Petrol düşmüş, krallık çökmüş
Uluslararası Para Fonu’nun (IMF) son raporunda, düşük petrol fiyatının negatif etkileri nedeniyle Suudi Arabistan’ı uyarması sakin tatil günlerine fikir açısından bir hareket getirdi. Aslında IMF’nin ülkenin yükselen bütçe açığına vurgu yapması yeni bir durum değil. Kurum bu yılın ortalarında benzer görüşler içeren bir rapor yayımlamıştı. Ekonomik sorunların biraz abartıldığını düşünüyorum. Zaten IMF’nin belirttiği bütçe yükü çok da umurlarında değil. Suudi Arabistan’ın amacının ne olduğunu anlatmaya çalışayım.
Petrolde dünyadaki arz fazlasının çoğunluğu S. Arabistan’a aittir. Günlük petrol üretimi 10 milyon varil civarında olan Suudilerin, üretimi 12.5 milyon varile kadar yükseltme potansiyeli var. Petrol fiyatındaki düşüş onlar için önem arz etmiyor. Sadece daha fazla üretmek istiyorlar. Gözlerden kaçan nokta, S. Arabistan’ın bir fiyat hedefl emesi değil, miktar hedefl emesi yaptığıdır. Krallık, üretimini 12.5 milyon varile çıkarana kadar satış fiyatını düşürecek. Diğer üreticilerin yaşadığı zorluklar onları ilgilendirmiyor. Daha çok petrol satana kadar, satış fiyatını gösterge fiyatın altında tutmaya çalışacaklar. Bu strateji devam ettikçe, petrol fiyatının baskı altında kalacağı düşünülebilir. Dünyada yüksek maliyete sahip üreticilerden bir kısmı ifl as edene kadar, bir bölümü üretimlerine ara verene kadar, Suudiler bu politikaya devam eder. Amaç fazla arzı azaltmak değil, daha fazla petrol satmaktır. Arzın azalmasının Suudilere pek bir faydası yok. Bu politika sebebiyle yüksek maliyetli üreticiler, sermaye harcamalarını azaltıyorlar. Birçok üretici zor durumda kalarak üretimi durduracak. Enerji sektöründe sermaye harcamaları düşecek. Doğal olarak istihdam kaybı yaşanacak. Yüksek getirili (riskli) tahvil piyasası ve benzer piyasalar üzerindeki etkiler belirginleşecek. Düşük maliyetli üreticiler de sermaye harcamalarını azaltacaklar. Tabii önlem almış, gelecekteki üretimlerinin satışını yüksek fiyattan yapmış üreticiler düşüşlerden etkilenmezler. Fiyattaki çöküşten kendini koruyan üreticiler istedikleri kadar üretim yaparlar. Kırılma noktası, sektörün ortalama korunma periyodunun ne olduğudur. Yani ortalama ne kadar süre için sektör kendini hedge etmiştir? Açık konuşmak gerekirse, hedging konusunda petrol üreticileri, altın ve gümüş üreticilerinden daha iyidir. Ancak Suudi Arabistan’ın politikası uzun süredir devam ediyor. Üreticilerin yüzde kaçı doğru öngörüyle bu kadar uzun süre için gardını almış olabilir?

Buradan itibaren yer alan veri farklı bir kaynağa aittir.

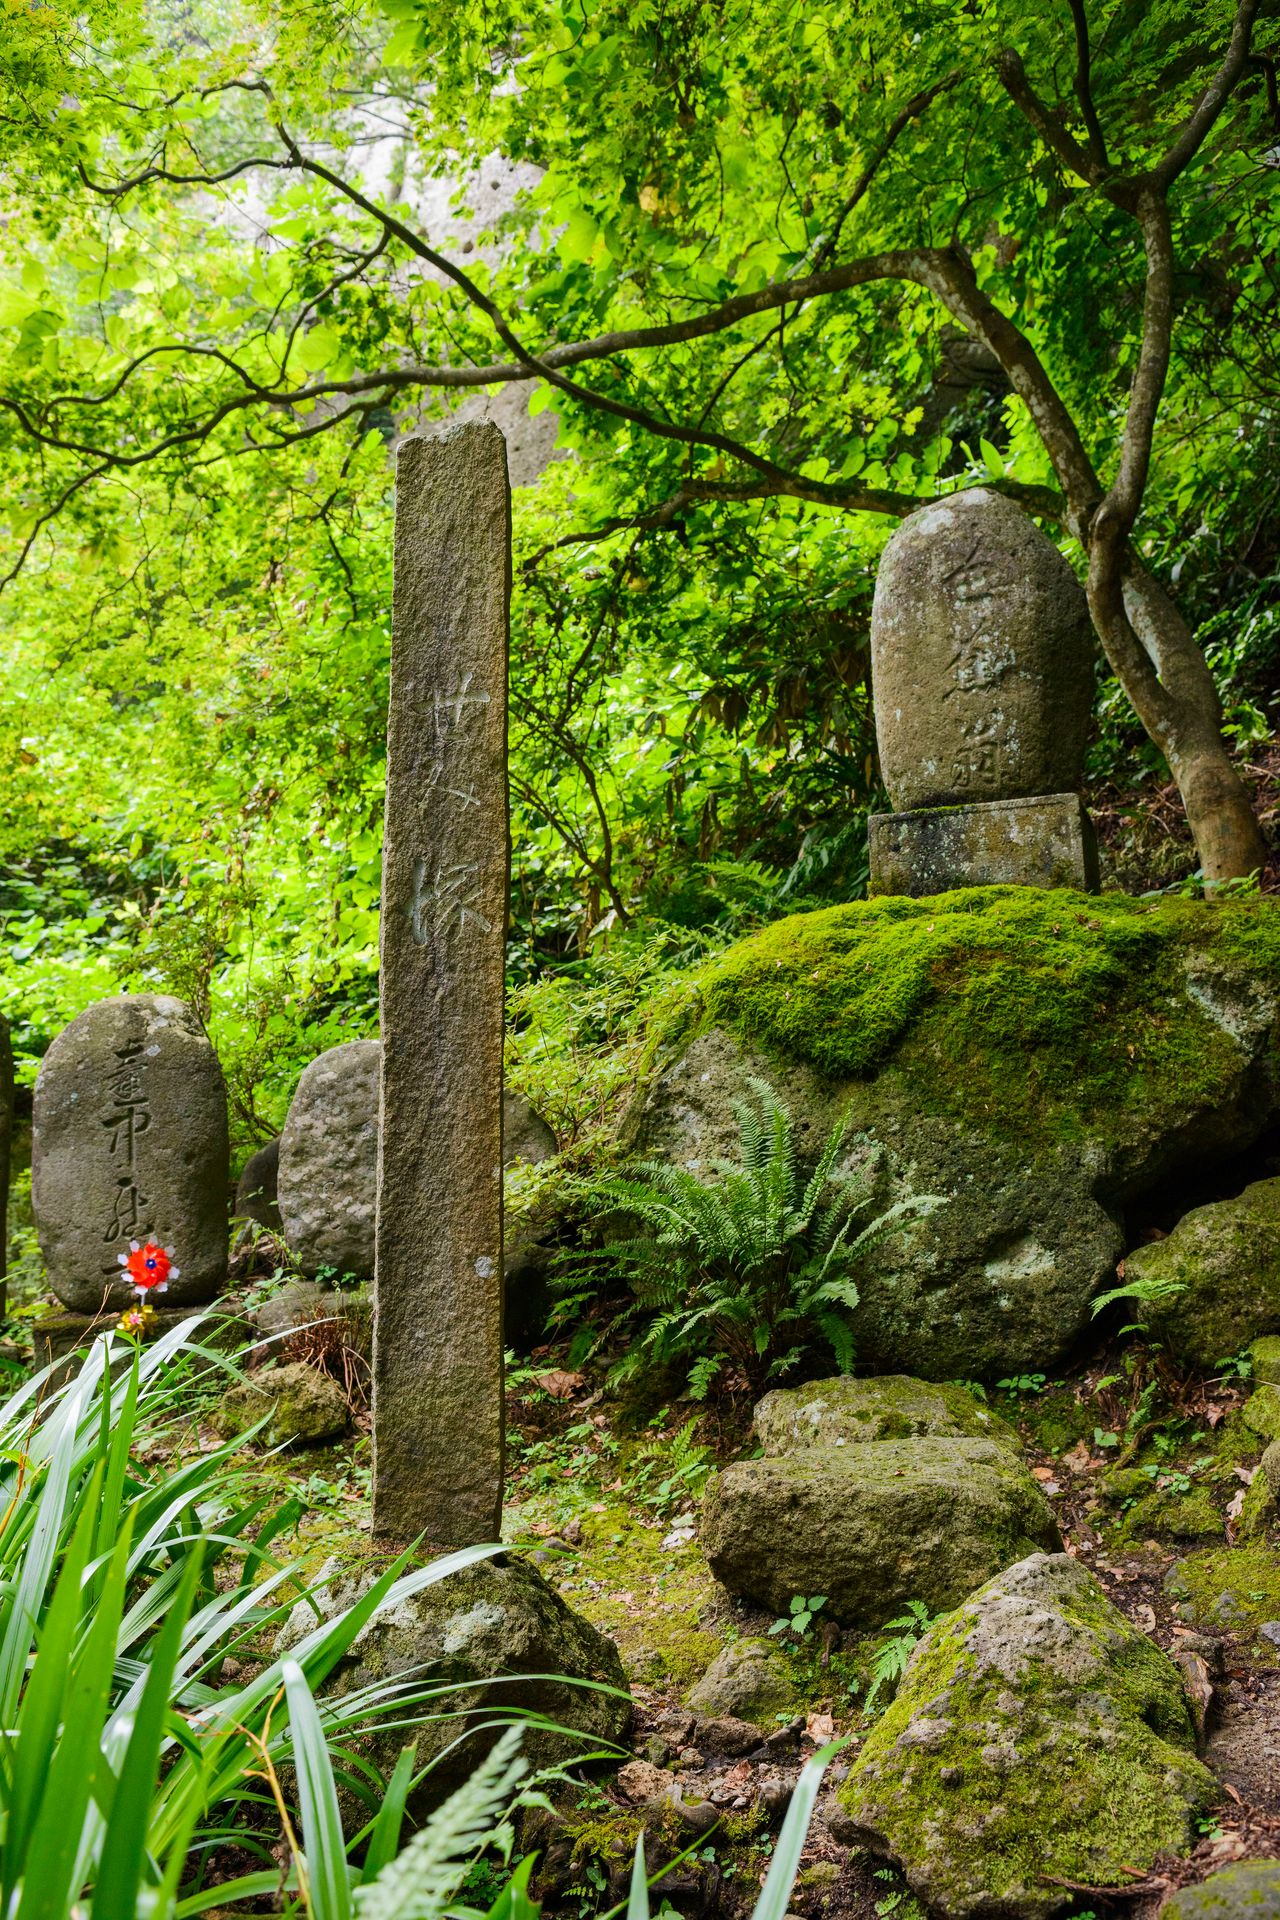 نصب سيميزوكا التذكاري الحجري يشير إلى المكان الذين سافر عبره باشو في أحد الأوقات (الصورة بإذن من جمعية السياحة في ياماغاتا).

Suudi Arabistan’ın sürdürdüğü miktar hedefli politikanın üzerine, Fed’in sıkı para politikası geldi. Fed faizi artırdıkça, dolardaki yükseliş trendi devam eder. Piyasalar, Fed üyelerinin 2016 için tahmin ettiği dört faiz artırımını fiyatlamıyor. Bu iki politika; emtia fiyatları ve üretici ülkeler, yüksek getirili tahviller ve diğer riskli tahvil piyasaları için zehirli bir karışımdır. S. Arabistan ve Fed politikalarıyla, spesifik bir piyasada sıkıntının büyüyebileceği de düşünülebilir. Finansal kurumlar geçmişte açtıkları kredilerden darbe alabilirler. Batık krediler artabilir. Küresel bankaların bilanço hasarı yaşamaları gelişen ülkelerin kredi kanallarının daralmasına yol açabilir. İşler güllük gülistanlık devam edemez. Fed şu aşamada geri adım atacak gibi gözükmüyor. S. Arabistan’ın politikasının yumuşaması gerekebilir.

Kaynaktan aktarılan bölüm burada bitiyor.